ENTRIES SHOWN section start

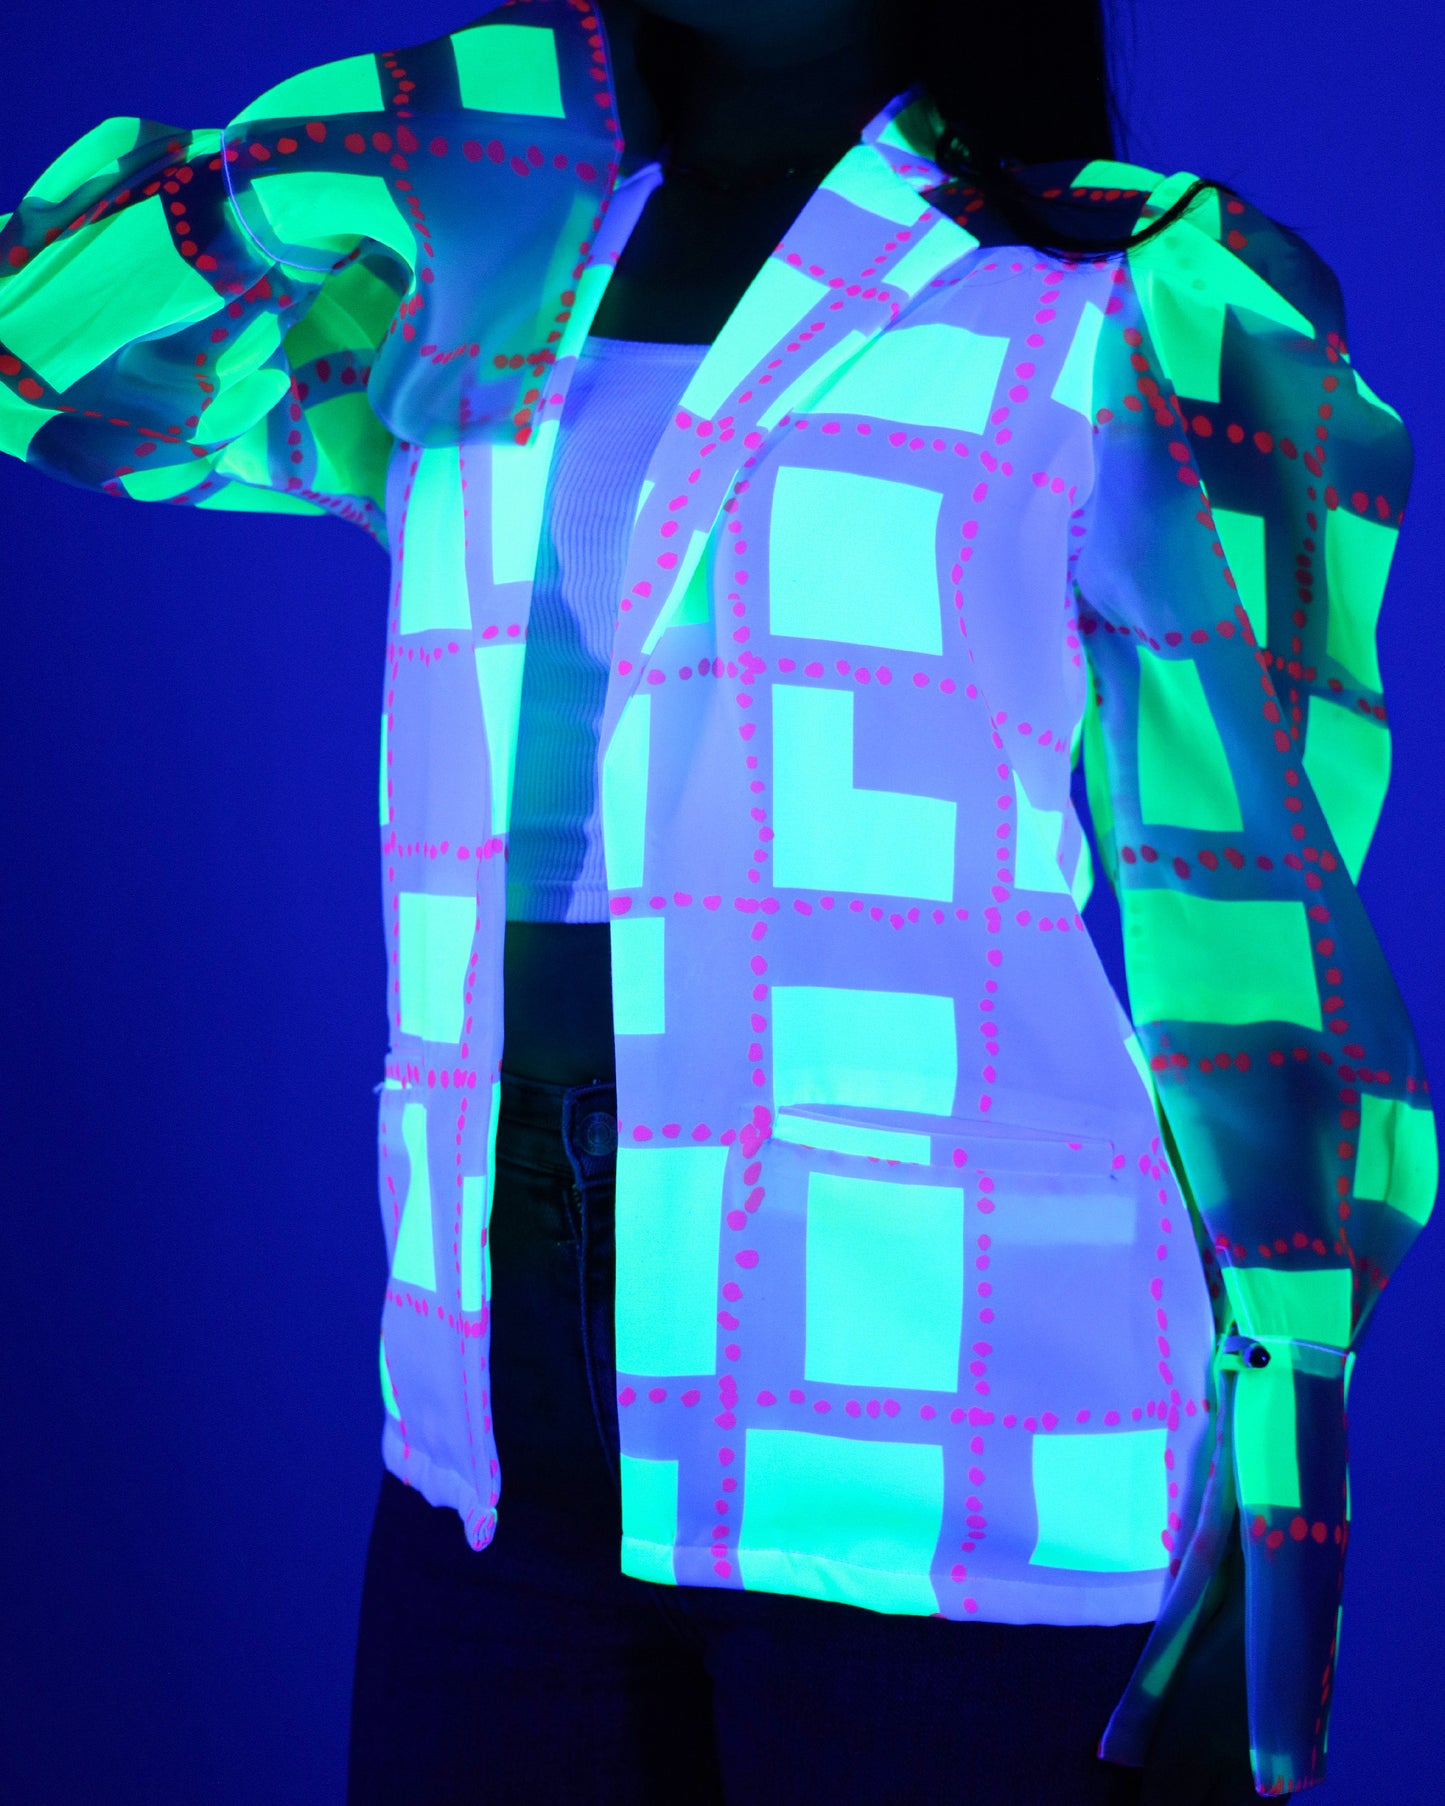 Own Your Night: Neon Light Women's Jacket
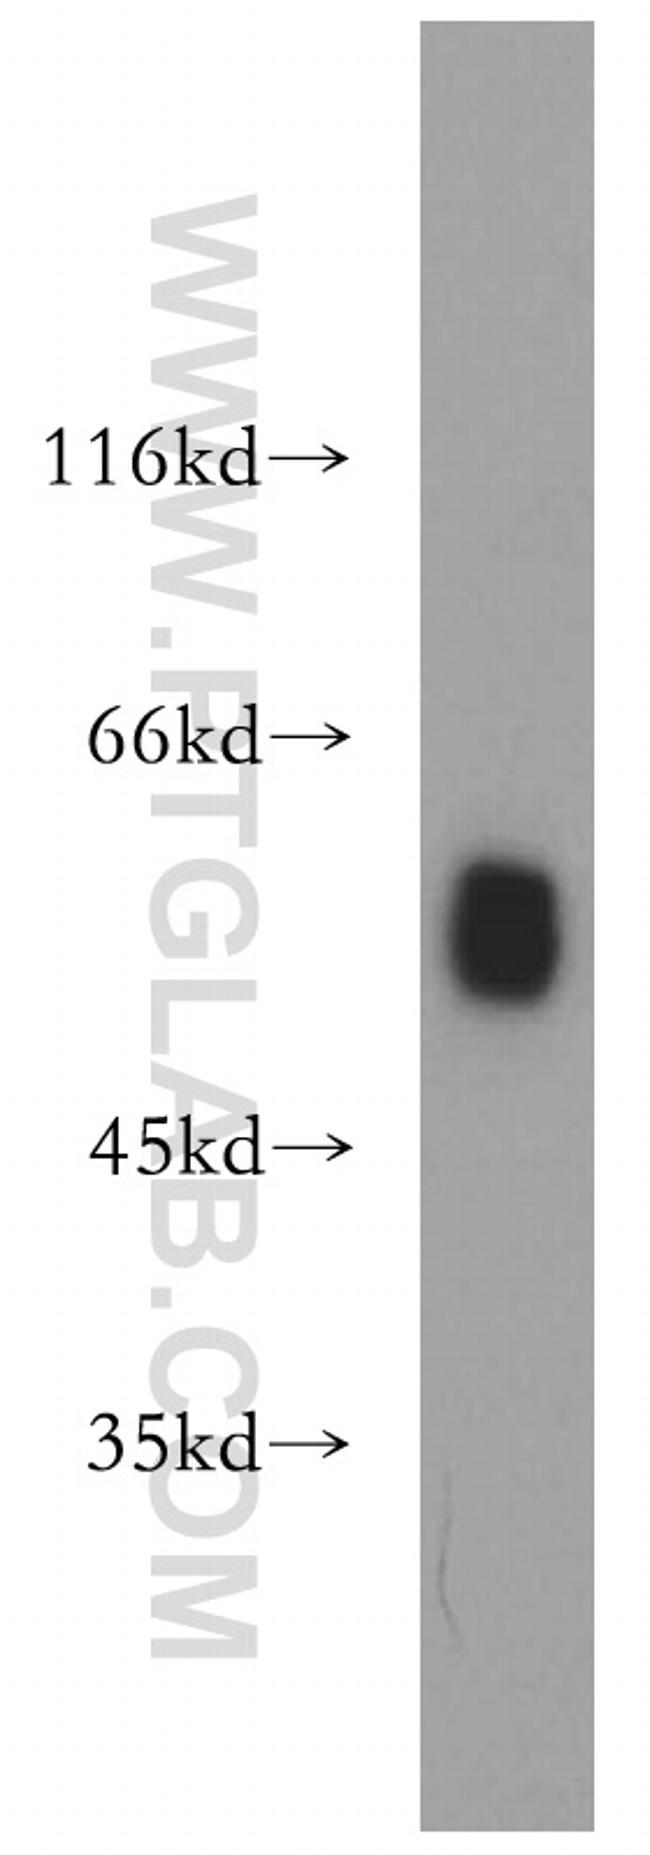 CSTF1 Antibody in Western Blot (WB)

ENTRIES SHOWN section end
ENTRIES SHOWN section start

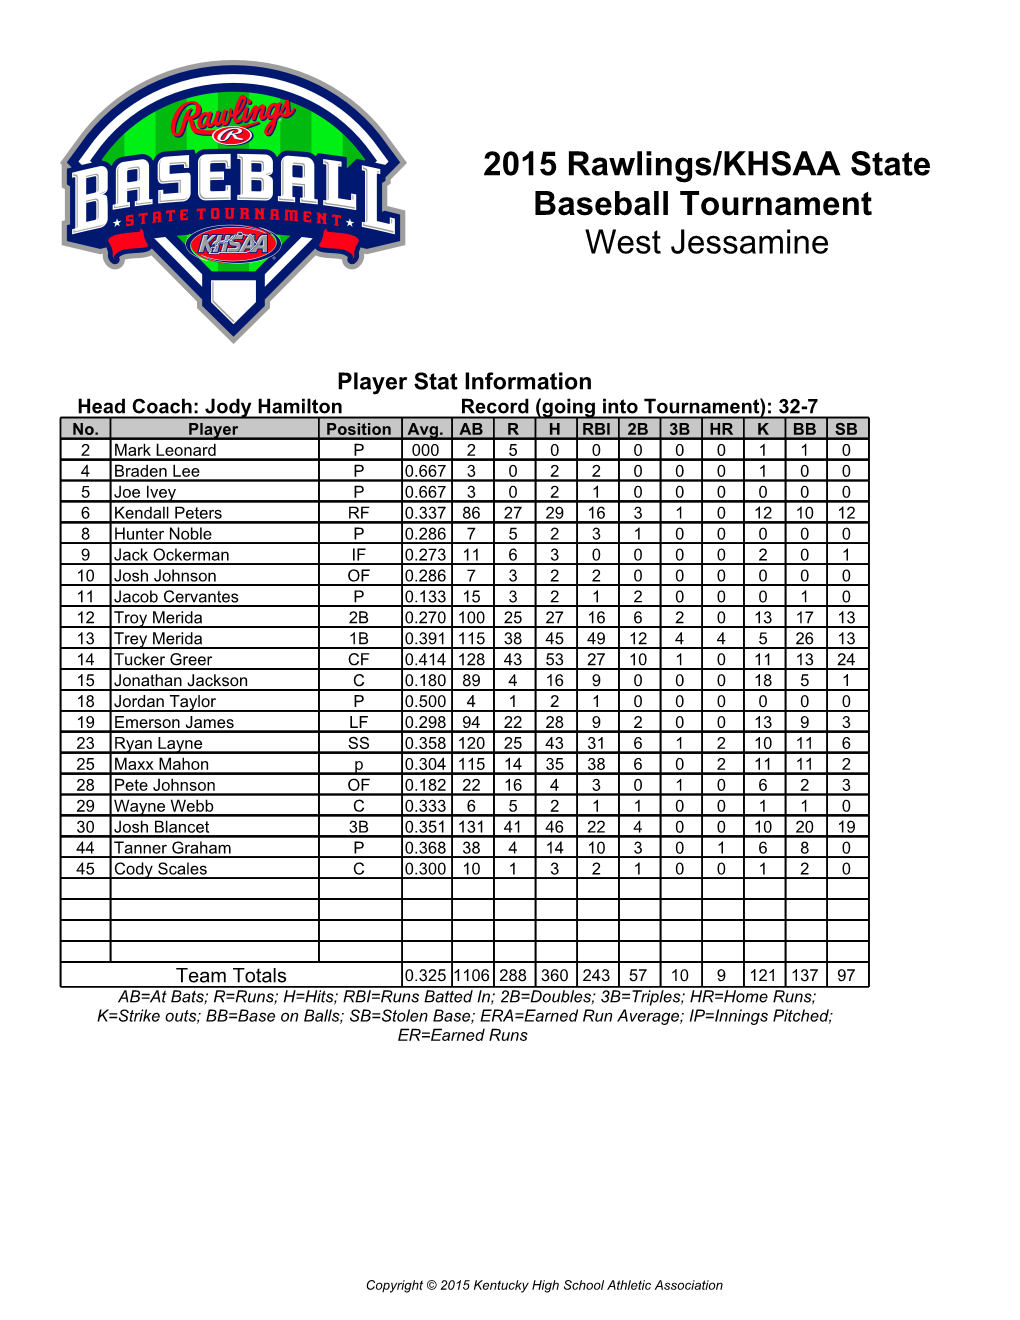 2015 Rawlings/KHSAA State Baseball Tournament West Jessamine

ENTRIES SHOWN section end
ENTRIES SHOWN section start

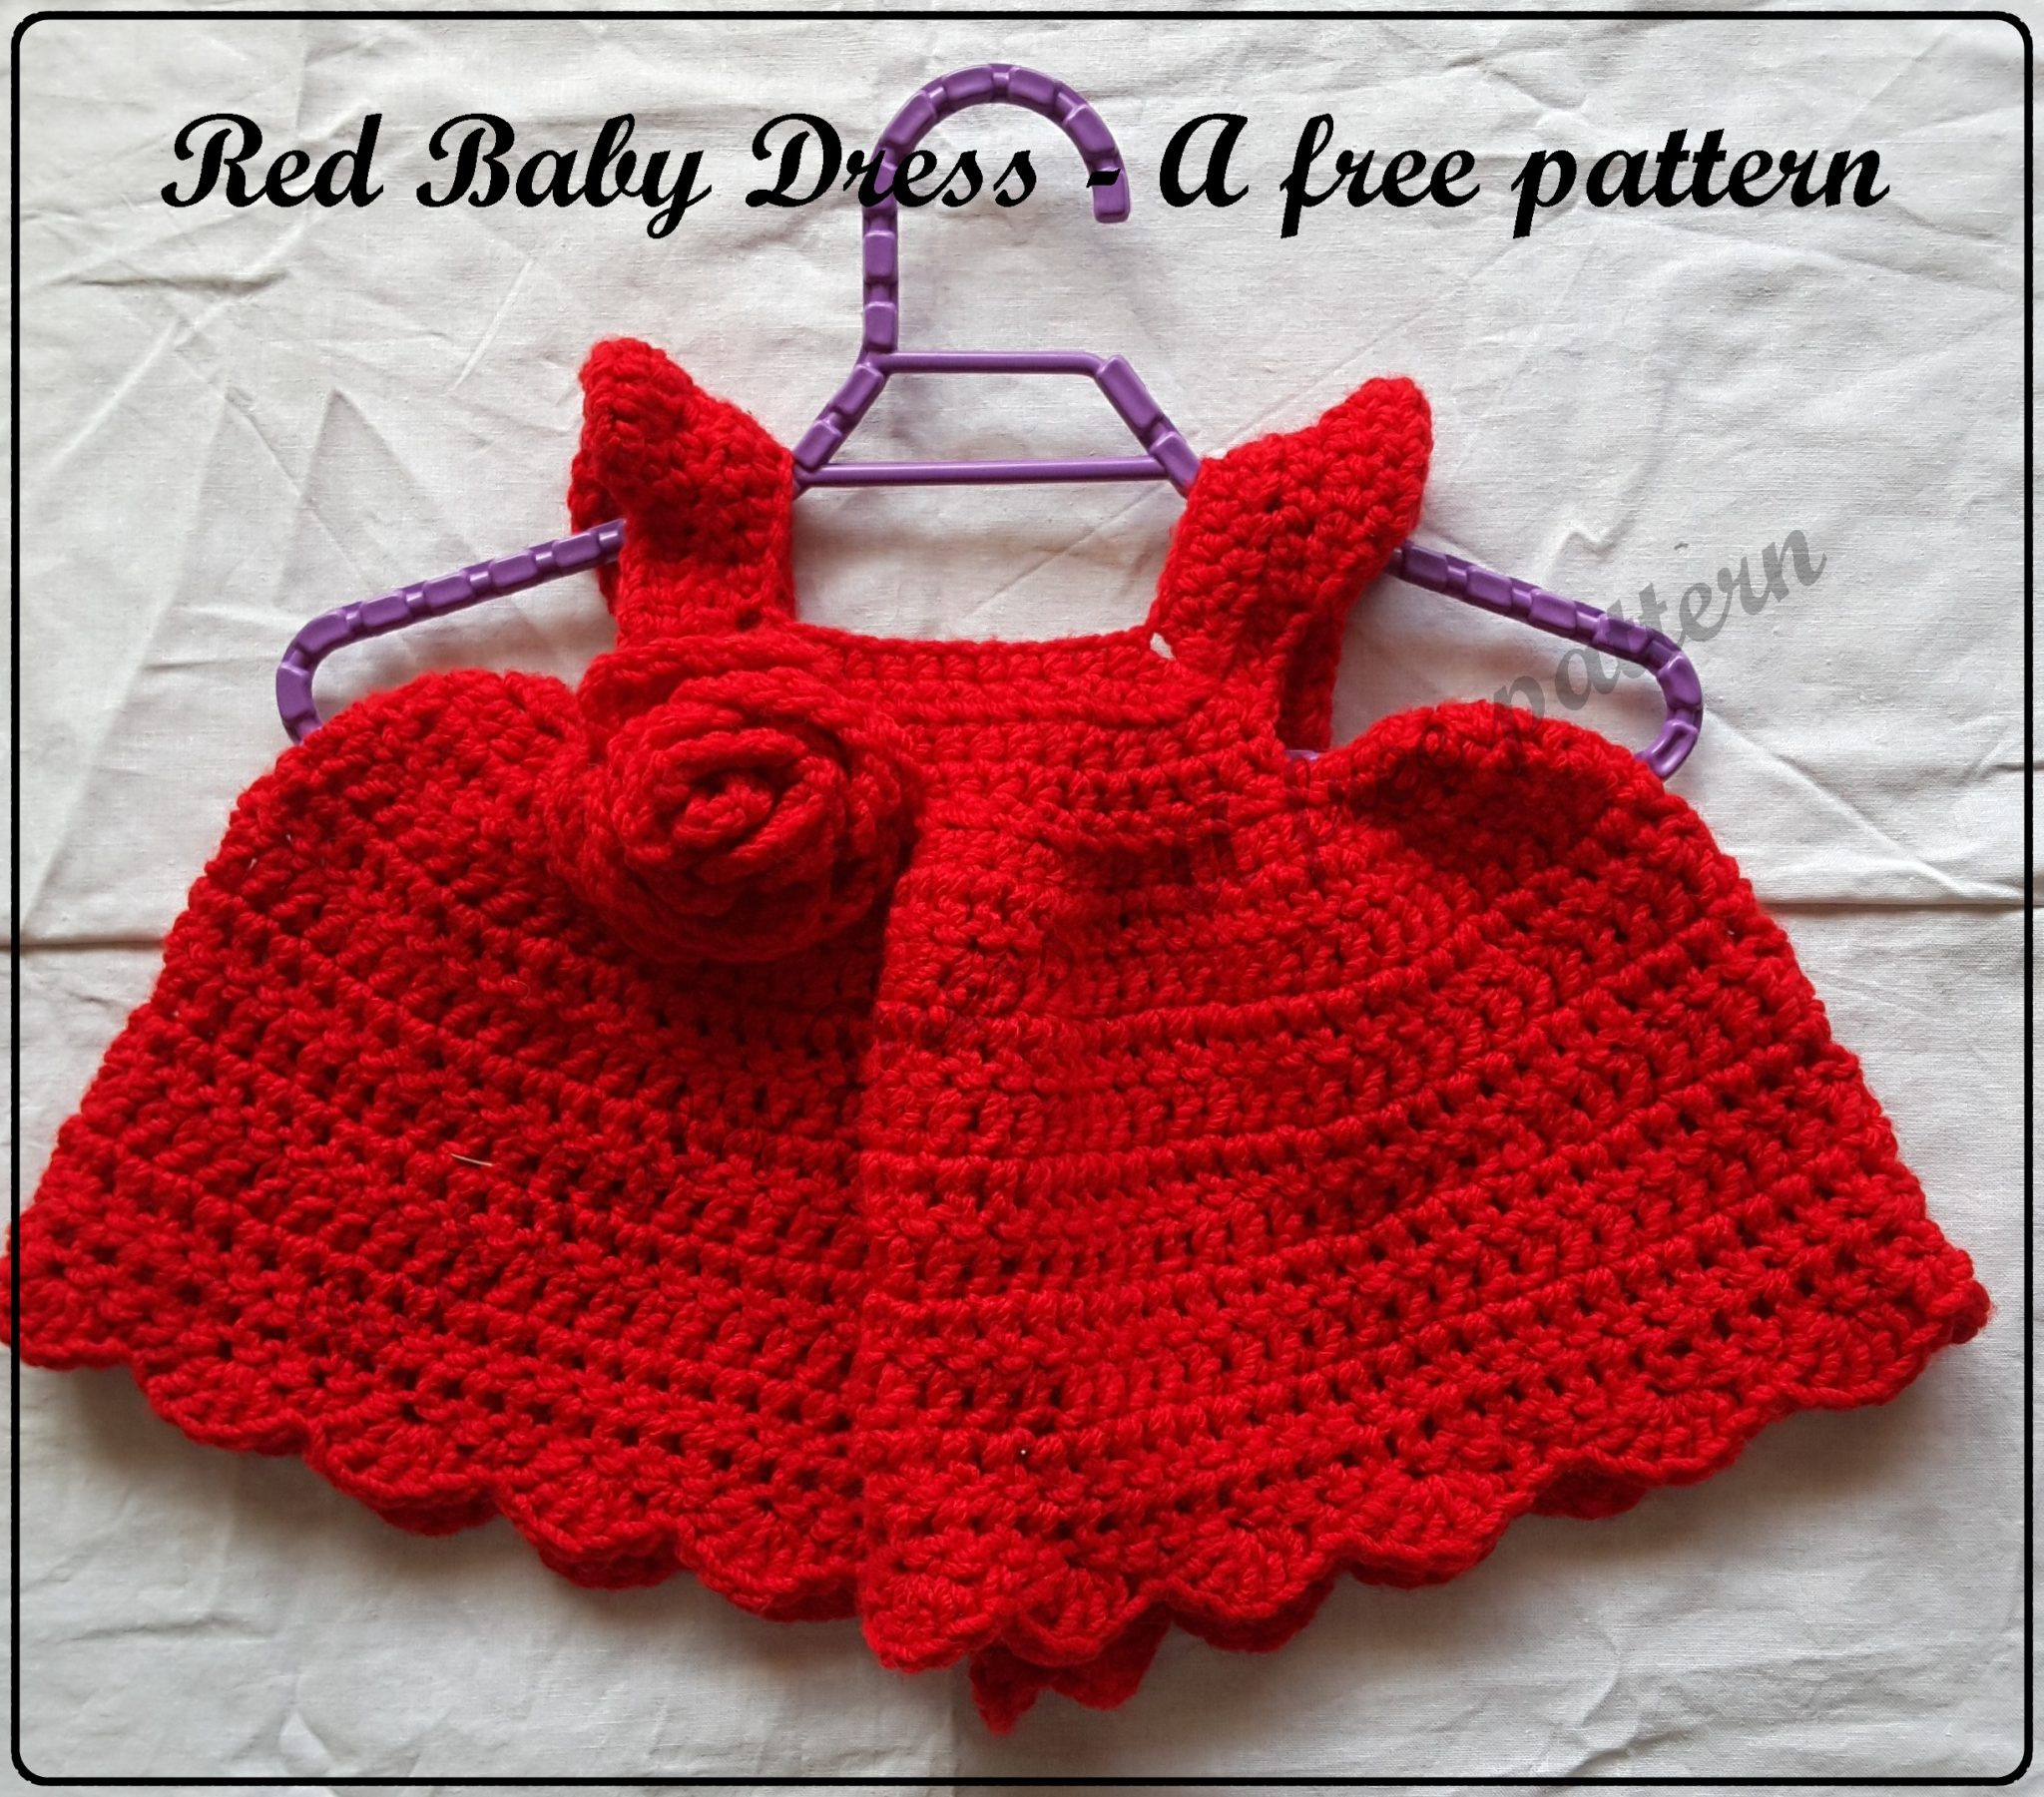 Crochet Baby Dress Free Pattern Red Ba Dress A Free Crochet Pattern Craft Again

ENTRIES SHOWN section end

AIM OF THE EXERCISE => Write out the lines above from the one with "Own Your Night: Neon Light Women's Jacket" through the one with "CSTF1 Antibody in Western Blot (WB)", ends included, exactly; no picture goes in.

RESPONSE TO THE TASK =>
 Own Your Night: Neon Light Women's Jacket
 CSTF1 Antibody in Western Blot (WB)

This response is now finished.